Sein Atem schien stoßweise zu gehen, er blickte mich immer noch ungläubig an.
Dann ging es ganz schnell. Er sprintete nahezu die letzten fehlenden Meter zwischen uns auf mich zu und schon fand ich mich in einer langen Umarmung wieder. Mein Herz klopfte immer noch stark und ich erwiderte die Umarmung. Ich sog tief seinen Duft ein, der nach einer Mischung aus Baumrinde und seltsamerweise Ruß roch. Es benebelte mich geradezu und auch nachdem er mich losgelassen hatte, starrte ich ihn an. Binky unterbrach diesen Moment schließlich ziemlich ruppig.

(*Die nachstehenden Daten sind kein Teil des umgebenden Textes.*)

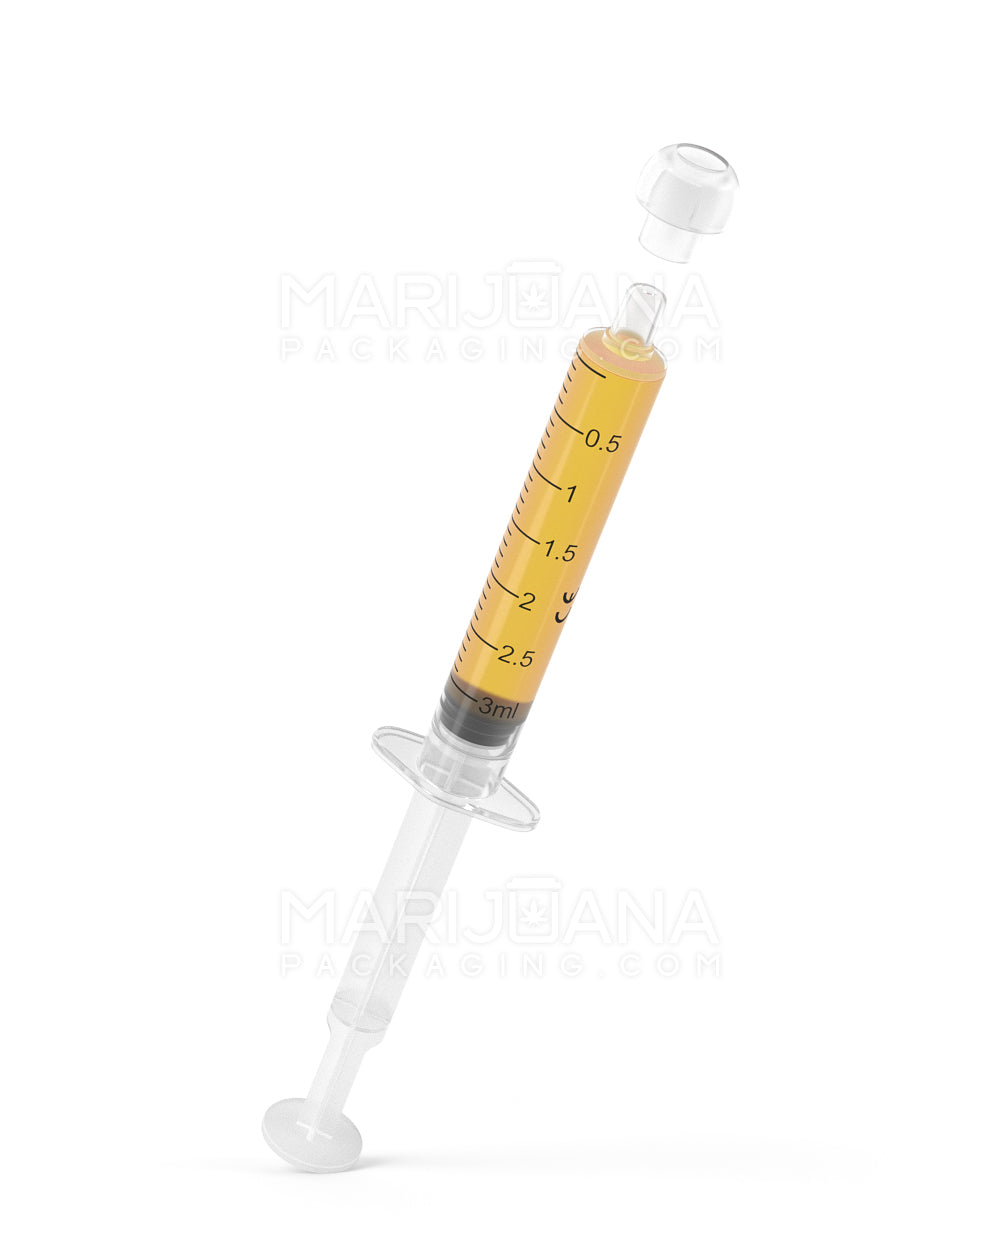 Plastic Oral Concentrate Syringes | 3mL - 0.5mL Increments - 100 Count - 6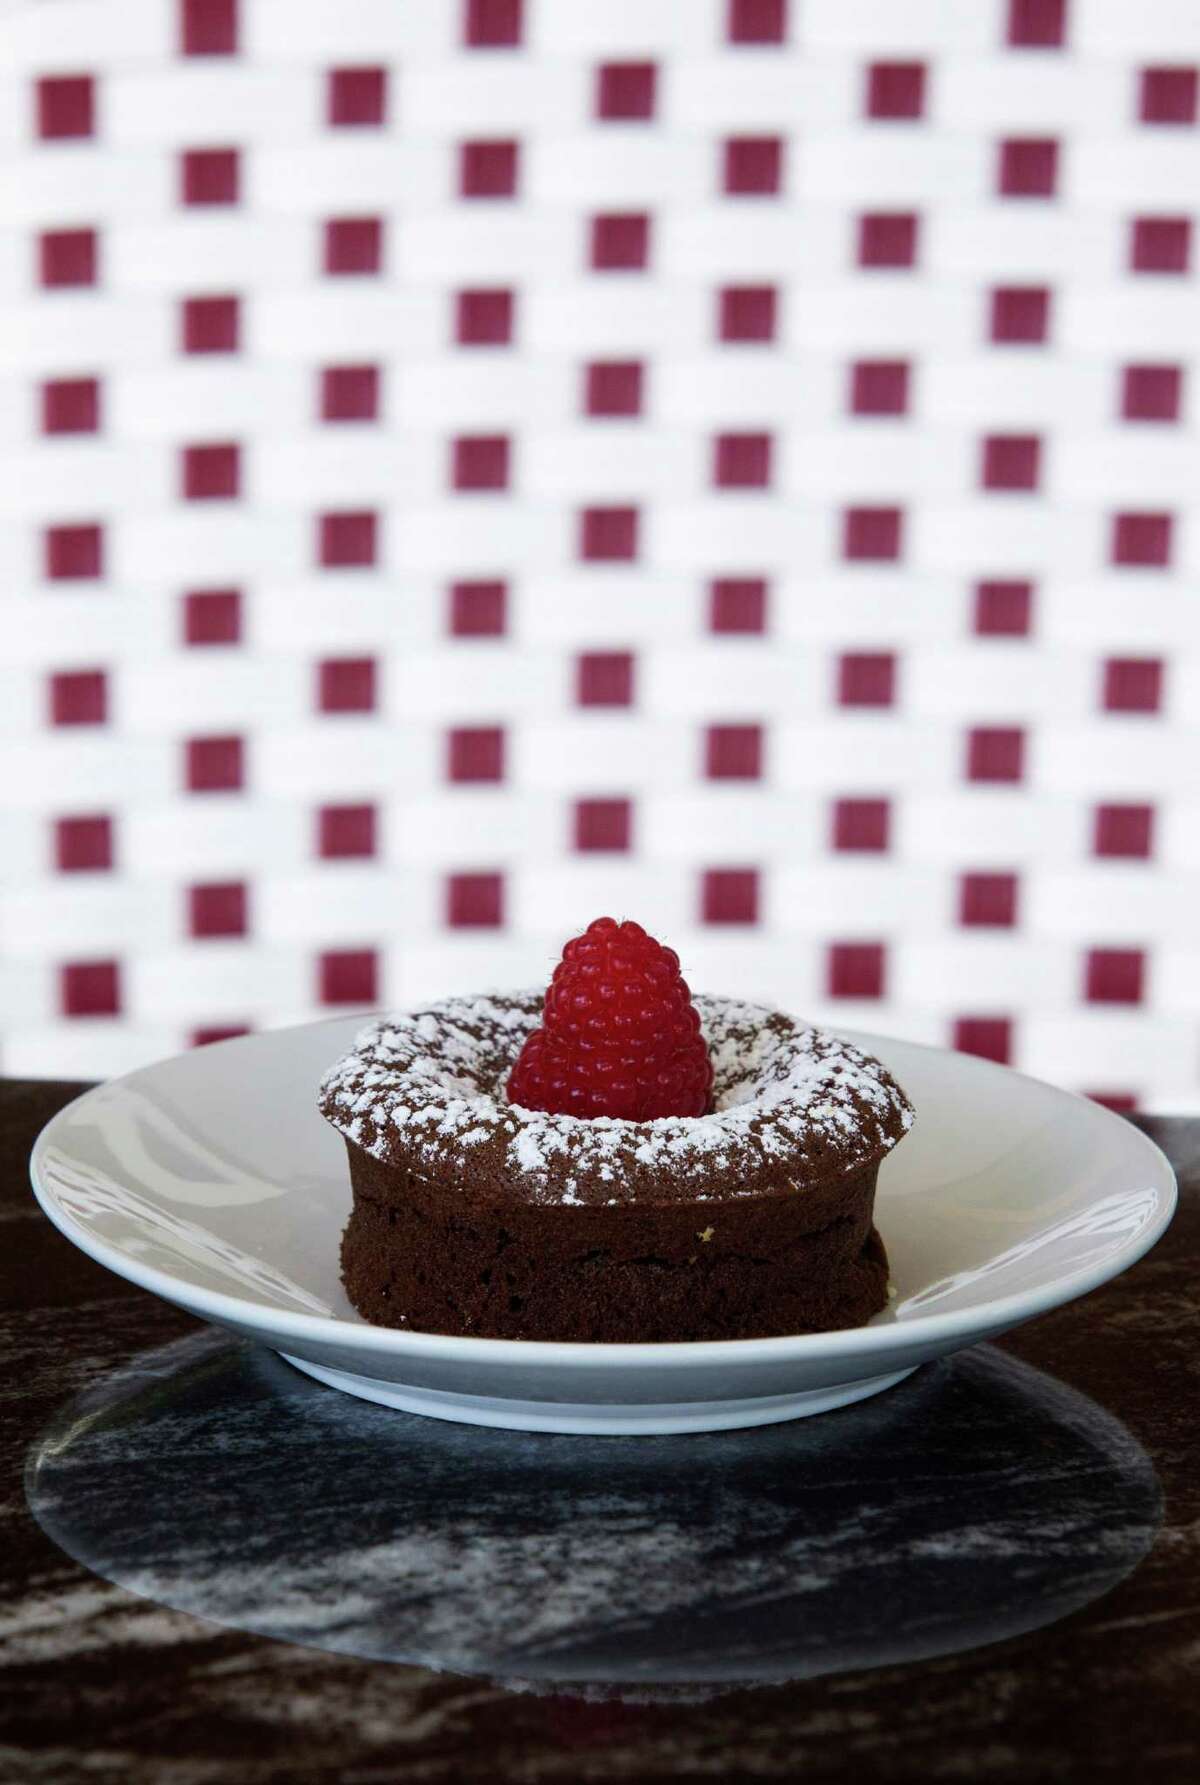 Fondant au chocolat delivers an intense chocolate flavor that deserves to be savored slowly.

"Tach, Charlie. Wie gehts? Ich dachte, du arbeitest weiter weg?"
Charlie schien aus einer Art Trance zu erwachen und blickte meine Freundin leicht verwirrt an.
"Ja, das mach ich auch. Aber ich habe Urlaub."
Binky nickte geschäftsmäßig und zupfte an meinem Shirt.
"Kommst du, Hailie? Mum hat gekocht."
Ich nickte mechanisch und blickte weiterhin in Charlies Augen. Sie waren so voller Fragen. Fragen, die ich ihm wahrscheinlich nie beantworten könnte. Ungeduldig zog Binky nun an mir und ich setzte mich rückwärts in Bewegung. Charlie wurde unruhig.
"Ich würde mich gerne mal mit dir treffen, Hail."
Ich nickte langsam. Wir entfernten uns immer schneller von dem Rothaarigen.
"Wie wäre es mit heute Abend? Hier am Brunnen? Um acht Uhr?"
Ich wollte antworten, doch ich hatte einen dicken Kloß im Hals. Also nickte ich wieder. Dann waren wir im Wald.
"Pfff, der ist doch eh wieder auf der Suche nach einer Neuen. Sein Bruder hat sich die Cousine von Clara geschnappt, die zu Besuch hier ist."
"Bill ist auch hier?"
"Ja, scheint auch Urlaub zu haben. Jetzt komm."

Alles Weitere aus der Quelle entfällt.